Task description. These records contain pictures, which must be left out; copy exactly the lines from the one with "22-square eden grey" up to and including the one with "Jim Beam Red".

Supplied data.
--

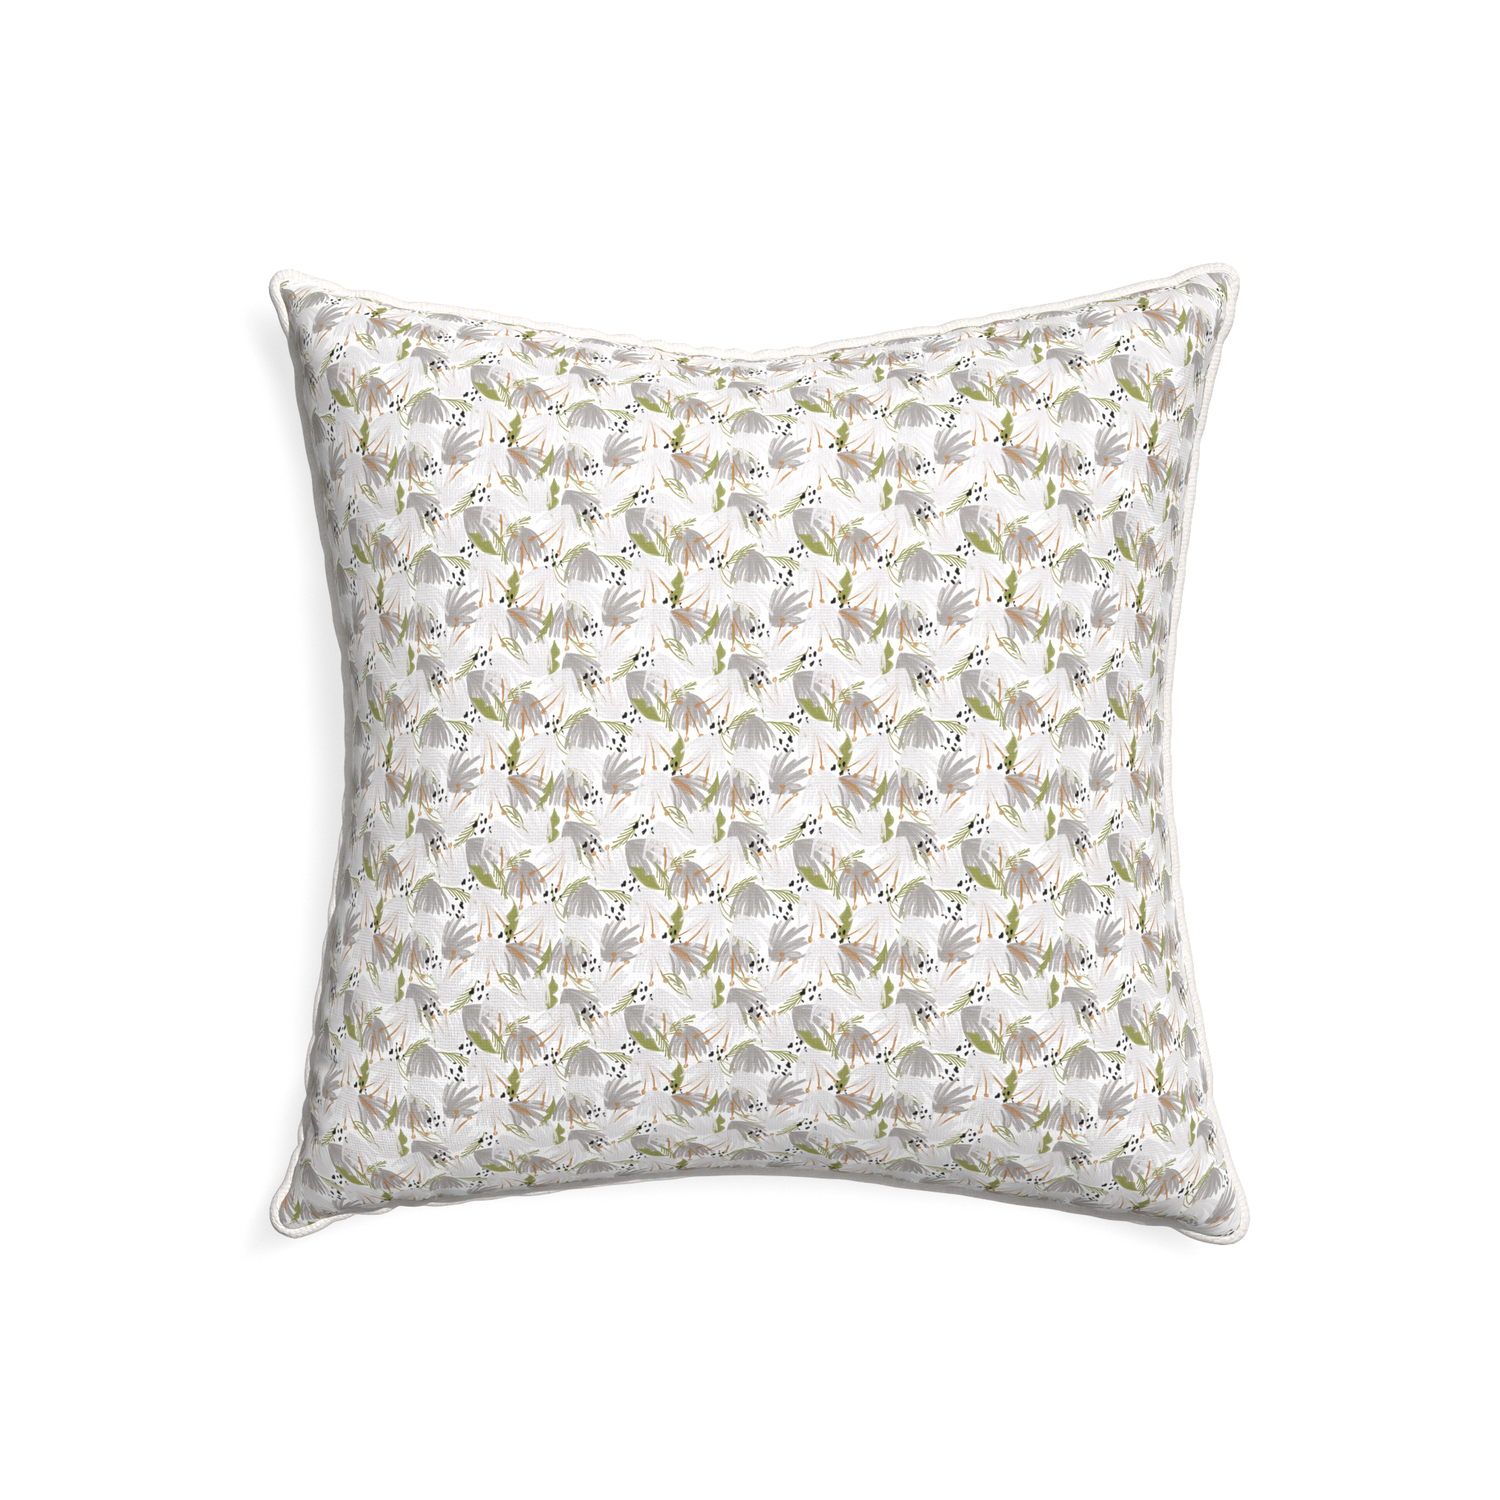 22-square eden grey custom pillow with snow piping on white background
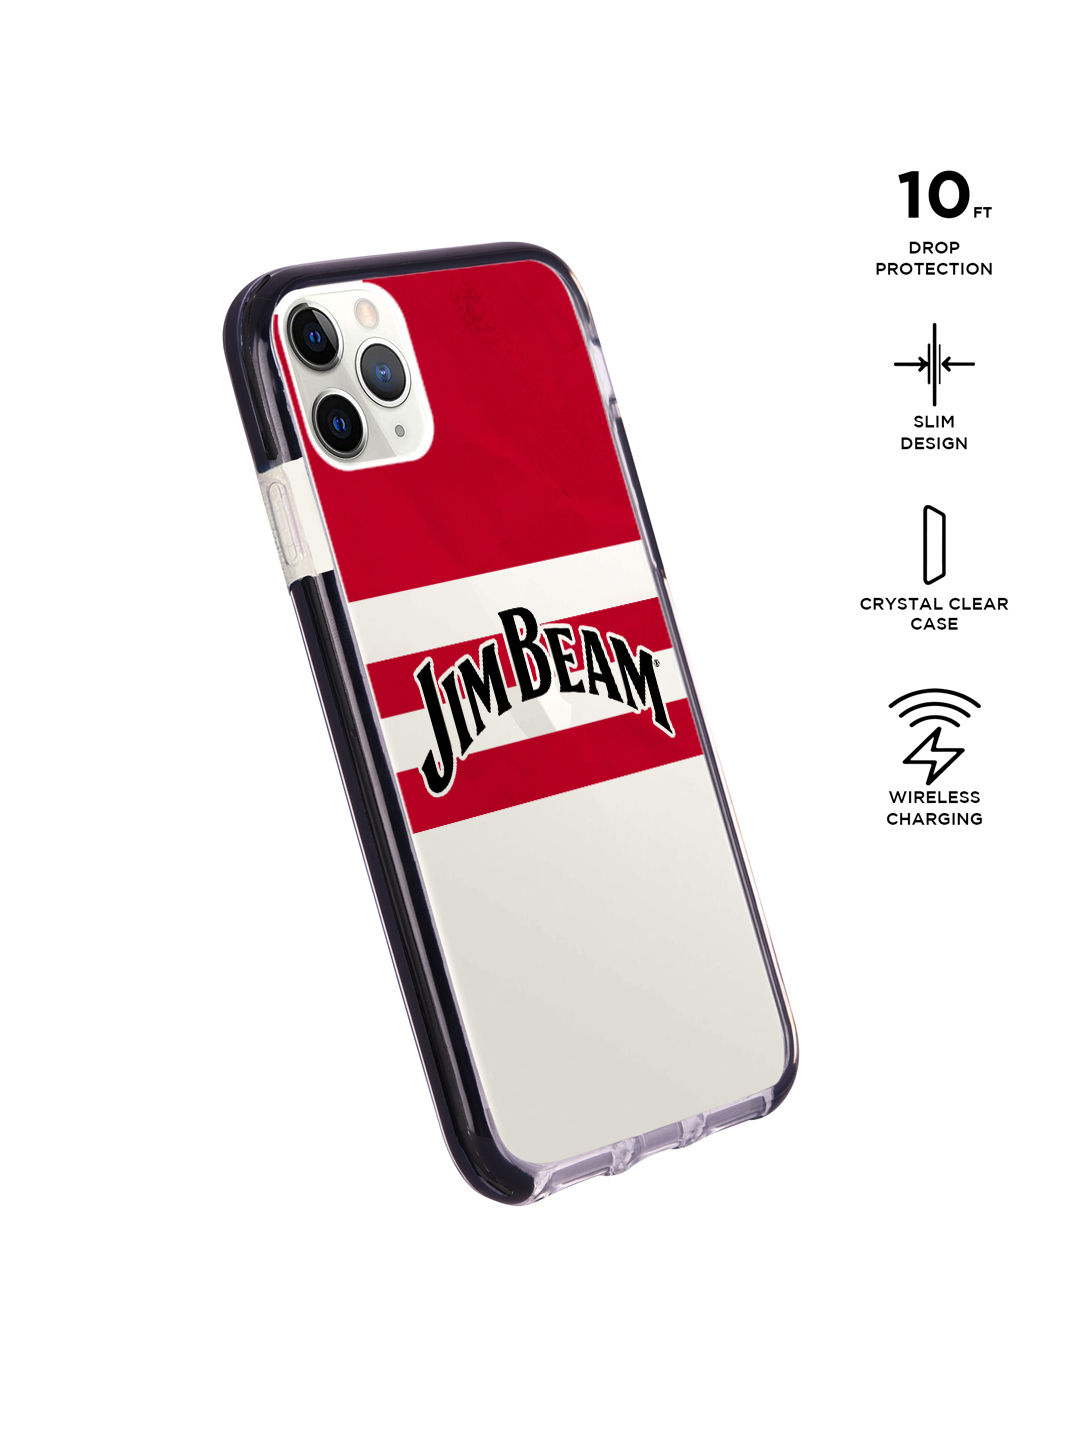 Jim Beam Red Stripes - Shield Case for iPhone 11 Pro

--

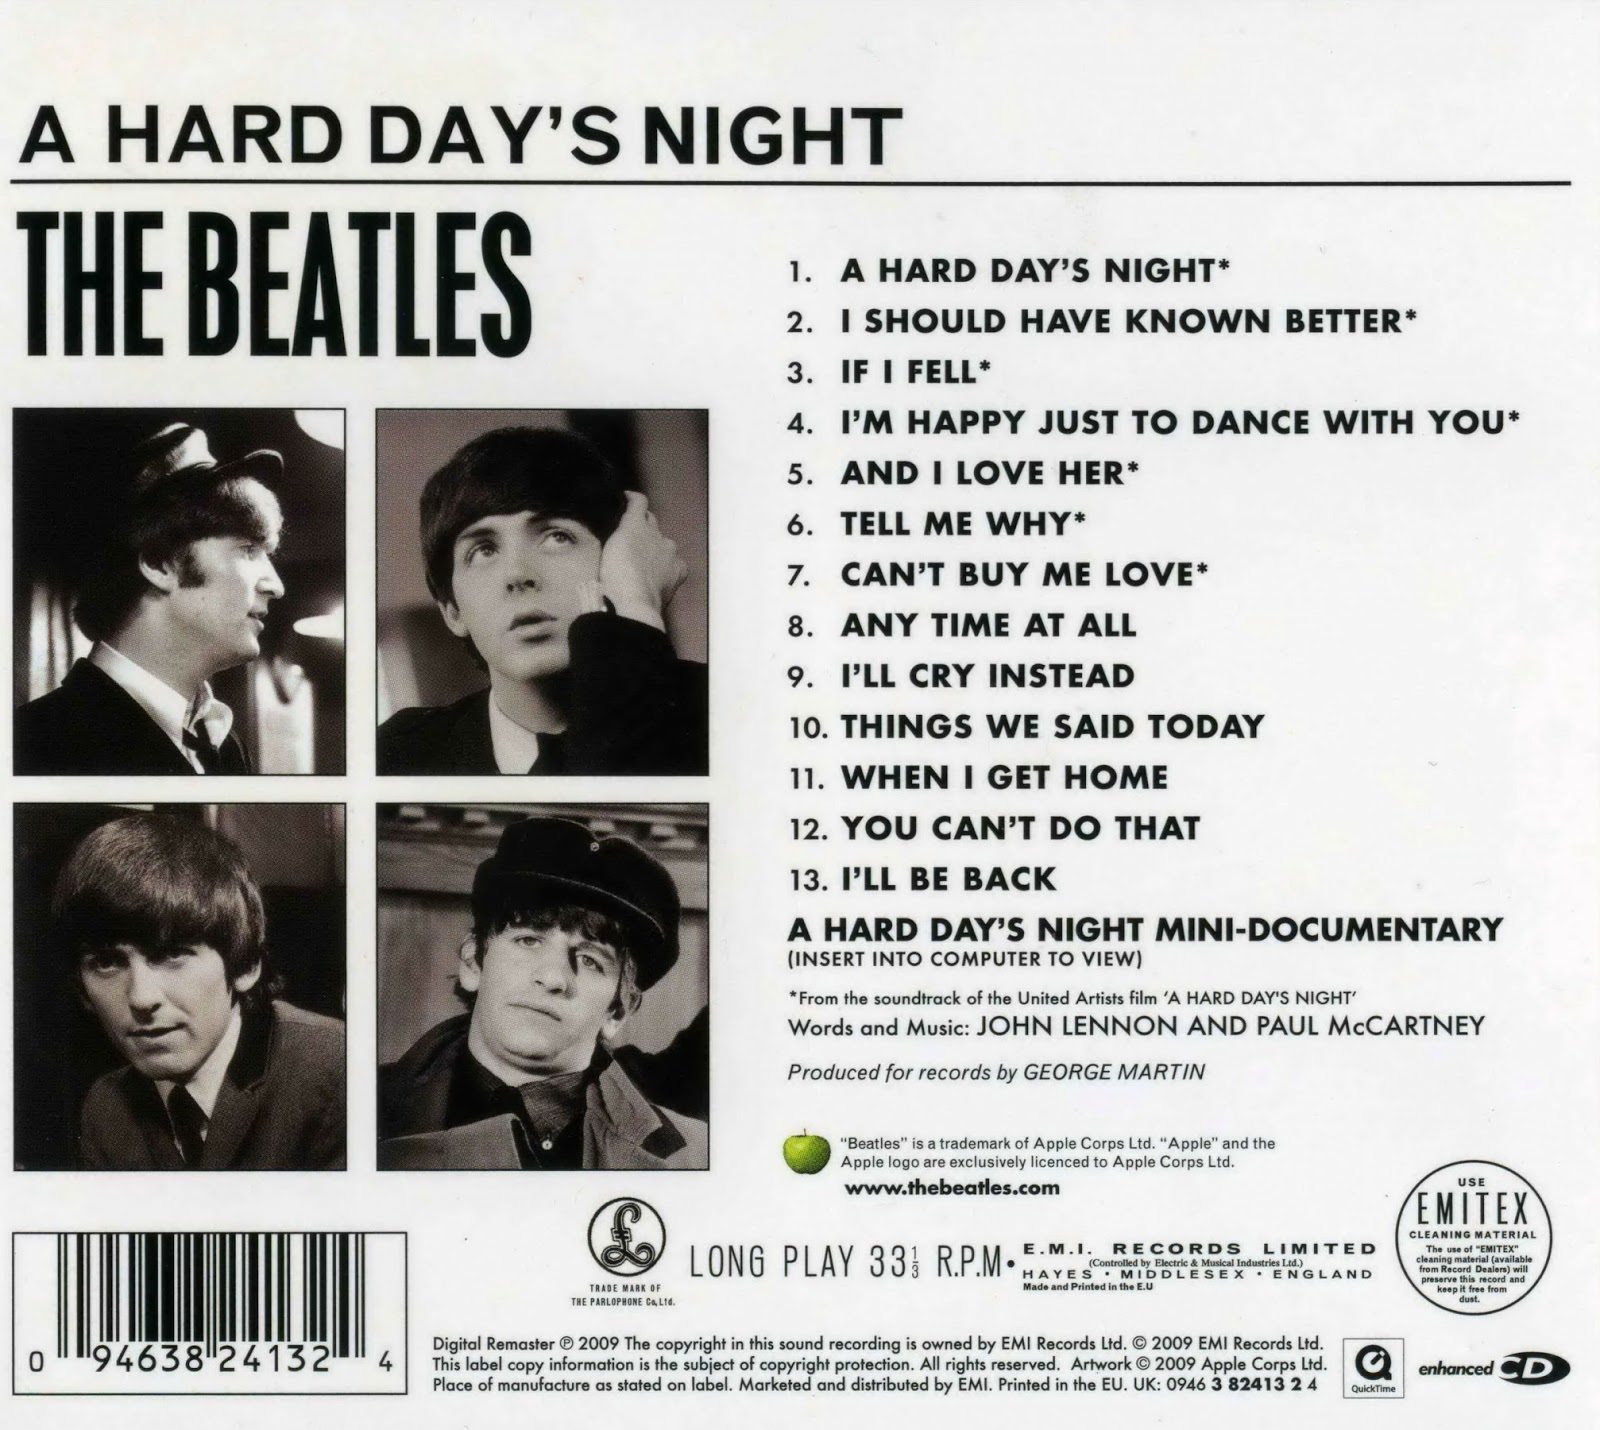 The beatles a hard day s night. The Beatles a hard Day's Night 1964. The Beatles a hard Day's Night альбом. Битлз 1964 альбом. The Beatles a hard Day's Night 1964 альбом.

--

Your solution.
 22-square eden grey custom pillow with snow piping on white background
 Jim Beam Red Stripes - Shield Case for iPhone 11 Pro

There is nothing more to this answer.